Ulises y Fabio actúan con rapidez y poco les falta en la recolección de los
materiales que suministra la naturaleza. La festividad derrocha whisky, ritmos,
escotes, caballeros de smoking, mesoneros de librea. “Nuestra capital se lo
merece todo”, sentencia un burócrata invitado.
Ulises y Fabio
terminan la rústica embarcación y después de admirarla como si fuese una
obra para predestinados, se lanzan con ella a los meandros del río. En Caracas,
según la radio, están por culminar los actos del festejo: hay conciertos al
aire libre y exposiciones de imágenes imponentes. Los dos rebeldes lidian
contra las ondas acuosas y las espiras profundas, y por fin alcanzan la
otra orilla. Después, reposan el triunfo sobre un lecho de selva, esconden la
balsa y retoman el camino. Es sábado 29 de julio de 1967, principia la noche.
Las radiodifusoras
acometen el recuento de la conmemoración, ¡lástima que haya finalizado! Ulises
y Fabio vislumbran la presencia del ejército y aceleran la marcha.

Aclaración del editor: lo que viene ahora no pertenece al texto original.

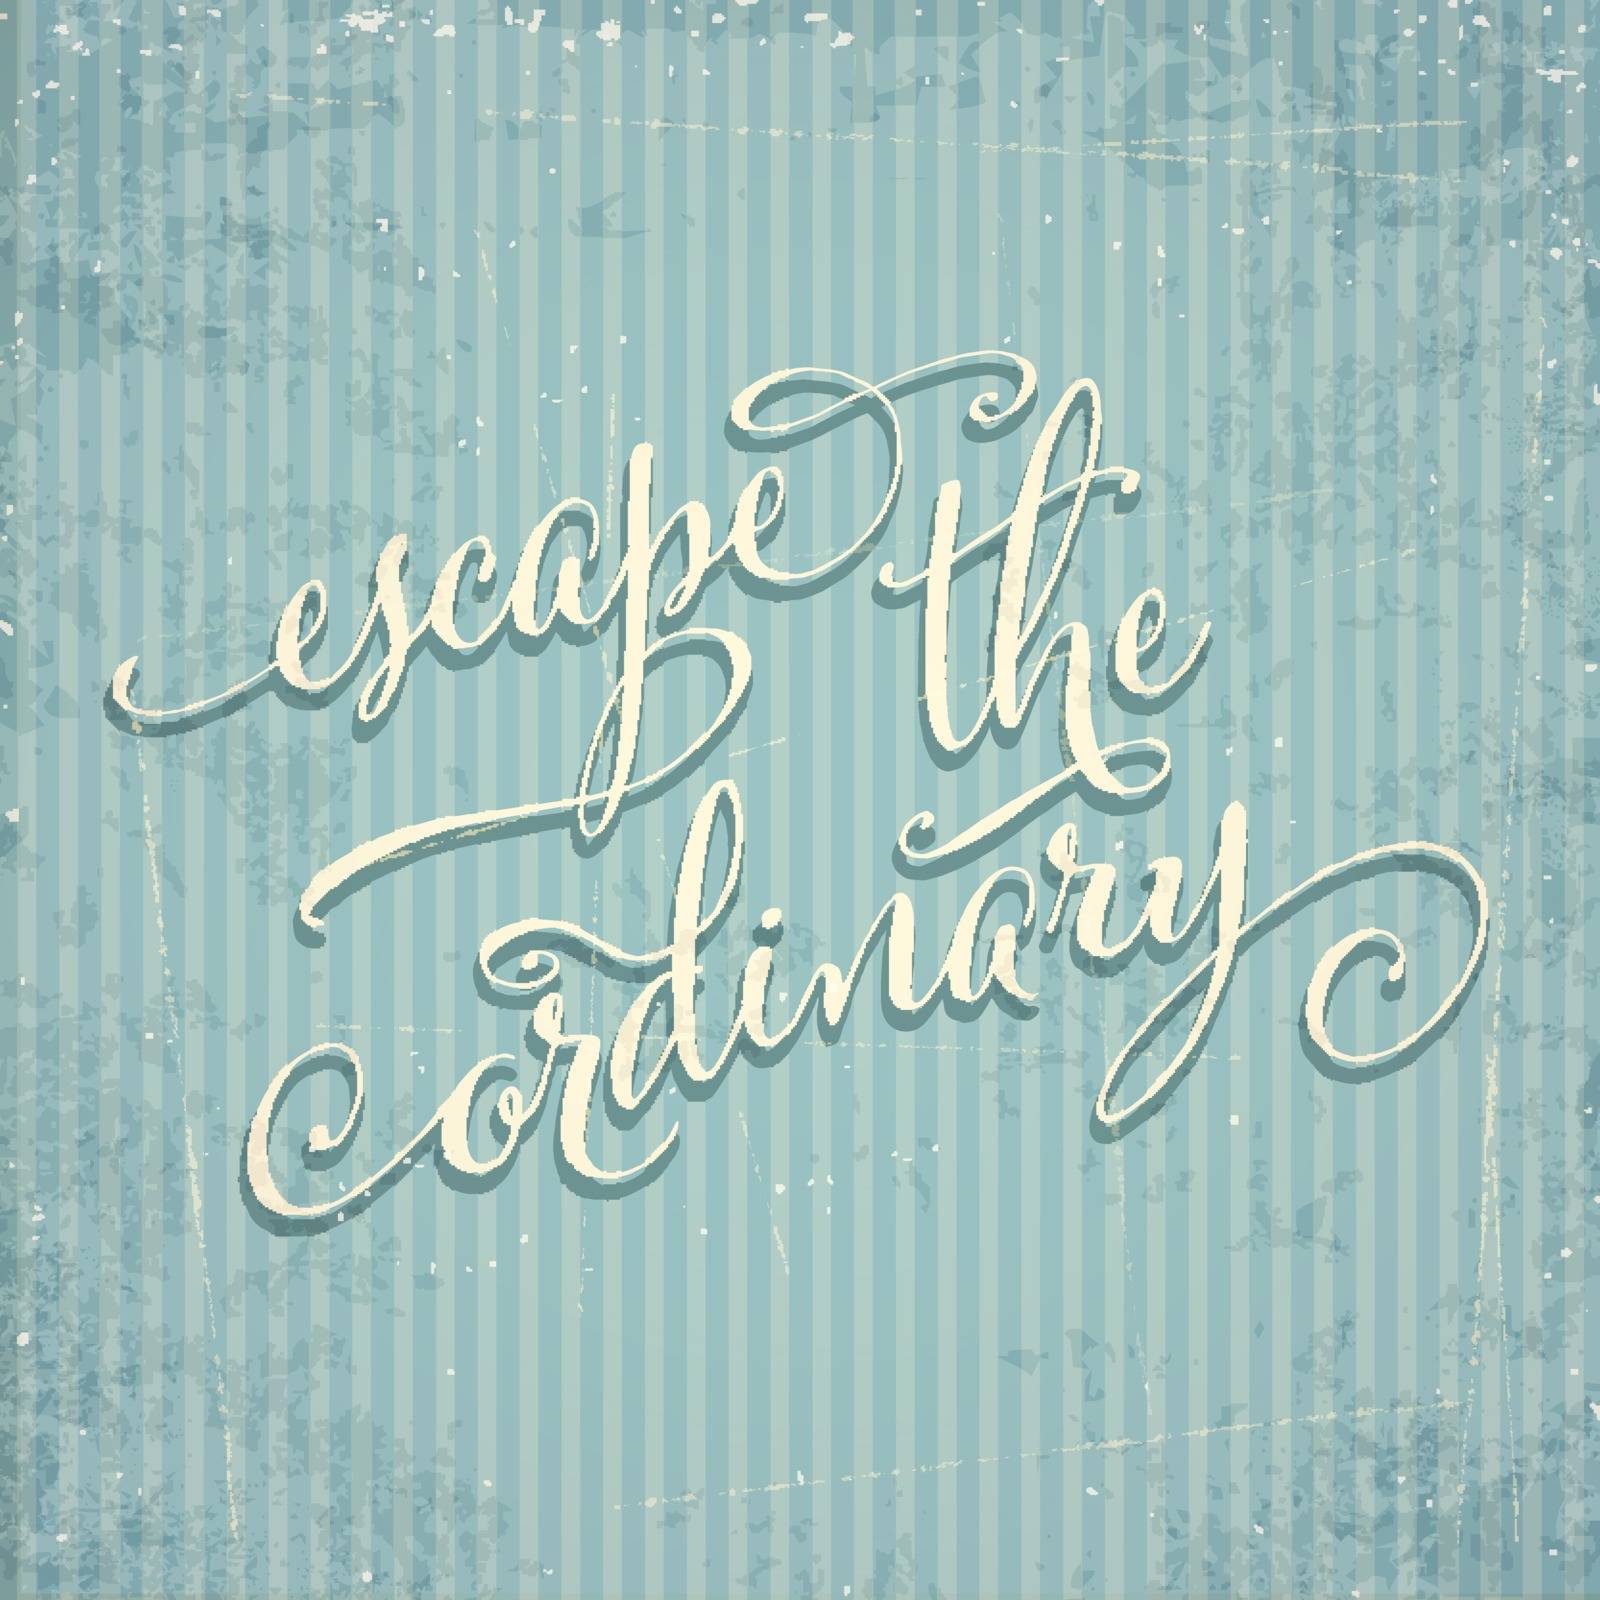 Escape the ordinary- hand drawn motivational lettering phrase on by balasoiu

Suena
en el transistor una cantata de Bach, los perros de presa ladran escarnios de
proximidad. Bruscamente, la radio se disloca y paraliza. Fabio inquiere con un
gesto; “No sé qué ocurre”, responde Ulises. Los minutos consolidan el silencio,
la lejanía. Al compás del asombro, los locutores van revelando la tragedia: un
terremoto de 6,5 en la escala de Richter con epicentro marítimo, devastó en 35
segundos la zona este de Caracas y parte del litoral central. Ulises y Fabio,
ajenos al cerco de los militares, se sientan sobre unas piedras para
enfrentarse al estupor de la noticia. La Cruz Roja calcula más de 300 muertos,
alrededor de 3500 heridos y desaparecidos, y enormes pérdidas materiales. Ambos
guerrilleros se miran con tribulación de pupilas, los sabuesos extreman sus
dientes de batalla, una culebra se agita en medio de la hojarasca. “Las
urbanizaciones que sufrieron mayores daños son Altamira y Los Palos Grandes”,
determina un periodista; Ulises tiembla en la hondonada del corazón porque su
esposa Aurelia y su pequeño hijo Leonardo viven en Los Palos Grandes: décimo
piso, número 106, residencias Coral. “No te preocupes, amigo”, le dice
Fabio volteando hacia la lluvia del cielo. Los castrenses estrechan la
cercanía, entonan cánticos persecutorios, maldicen en la oscuridad. Cadena
nacional: el Gobernador de Caracas habla para lamentar la catástrofe y
suministrar la primera lista de víctimas. Ulises oye con nerviosa atención los
nombres y lugares; la lista es larga, demoledora, apocalíptica, Ulises no cree
lo que escucha, tiembla en estremecimientos, se asfixia de aires
terribles; el Gobernador repite, no hay duda posible, Ulises se
abruma en un dolor preciso, ¡Amelia y Leonardo están entre los caídos! Su grito
único atraviesa la montaña, el camarada Fabio lo abraza en solitario.